Is there a person holding the branding device? Just going by the _beit_ under scrutiny here, the دستش به داغ bit does of course contain the palest reference to a branding iron, but, I feel, to no apparent poetic purpose. It may, of course, refer to something that was said by the poet in the earlier lines, otherwise the phrase is just there, I suspect, as a filler, to make up the beat and to allude in general to familiar classic terminology. I feel the idea is that rather than allowing love to put the sign or stigma of sacrifice on its body, or without concern for or knowledge of what light can or should do to one, the moth is circling around the source of light/love/adoration at a safe distance, i.e. without getting close enough to be scorched.

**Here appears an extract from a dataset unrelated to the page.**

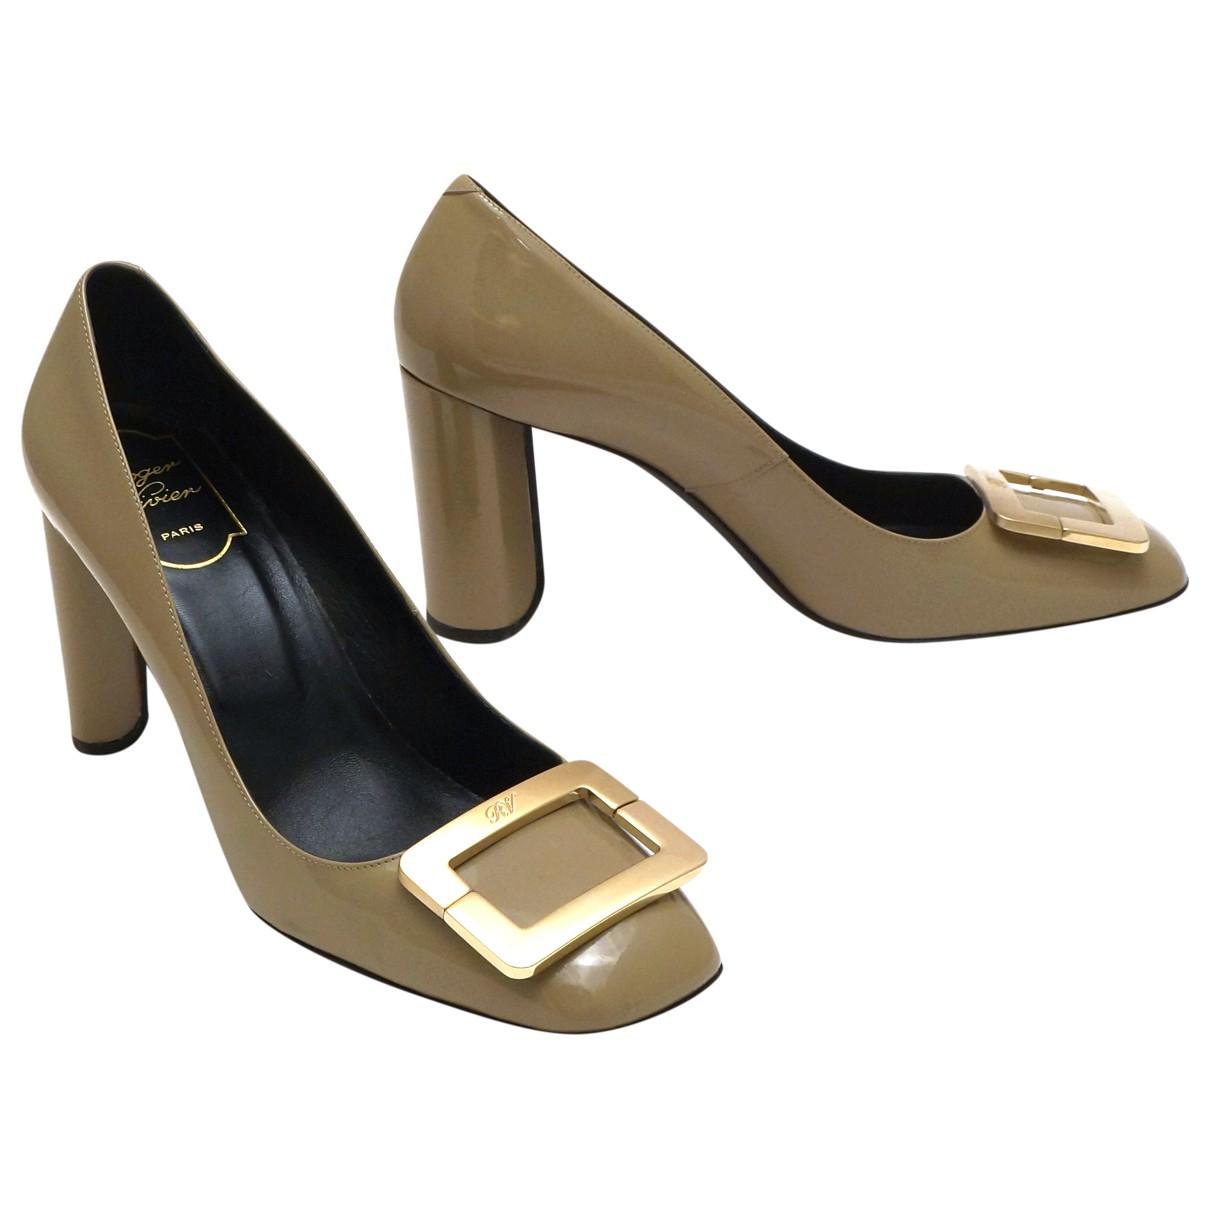 Roger Vivier Belle de Nuit Beige Patent leather Heels for Women 38 EU

In which case, دستش به داغ only serves as an introductory phrase here, something along the lines of "insofar as being affected by the heat or being branded with love goes". Moreover, I happen to think that (1) the owner of the hand, (2) the subject of the first _mesra,_ and (3) the subject of the second _mesra_, are most likely all one and the same, the moth. I quite like the little insect by now; it's got us all wondering about its mindset, isn't it!


----------



## colognial

Thanks very much, molana. This is what I found (معنی همان | لغت نامه دهخدا):
*لغت نامه دهخدا *همان . [ هََ ] (ضمیر مرکب ، ص مرکب ) اشارت است به چیزی که در خاطر ملحوظ است . (آنندراج ). مرکب است از هم + آن . در جمله بدین معنی است : این آن چیزی است که بوده است و متکلم و مخاطب میدانند


----------



## HZKhan

طبق 'فرھنگ بزرگ سخن' واژهٔ 'همان' معنای 'همچنان' را هم دارد، و برای اثبات این معنی بیت زیر از ناصر خسرو را درج کرده‌اند:
چونان که به غار شد پیمبر
من نیز همان کنون به غارم


----------



## colognial

HZKhan said:


> طبق 'فرھنگ بزرگ سخن' واژهٔ 'همان' معنای 'همچنان' را هم دارد، و برای اثبات این معنی بیت زیر از ناصر خسرو را درج کرده‌اند:
> چونان که به غار شد پیمبر
> من نیز همان کنون به غارم



The word همچنان can also function as an adverb to denote continuation of an action, e.g.,

من همچنان به آینده ی این طرح امیدوار هستم (I'm still hopeful about the future of this scheme).
قصه همچنان باقیست (The state of things remains as before).
او همچنان به راه خود ادامه داد (He continued on his way).
پرنده را از فقس آزاد کرده ام، اما او همچنان لب از آوازخواندن فرو بسته است (I've let the bird out of the cage, and still it won't sing).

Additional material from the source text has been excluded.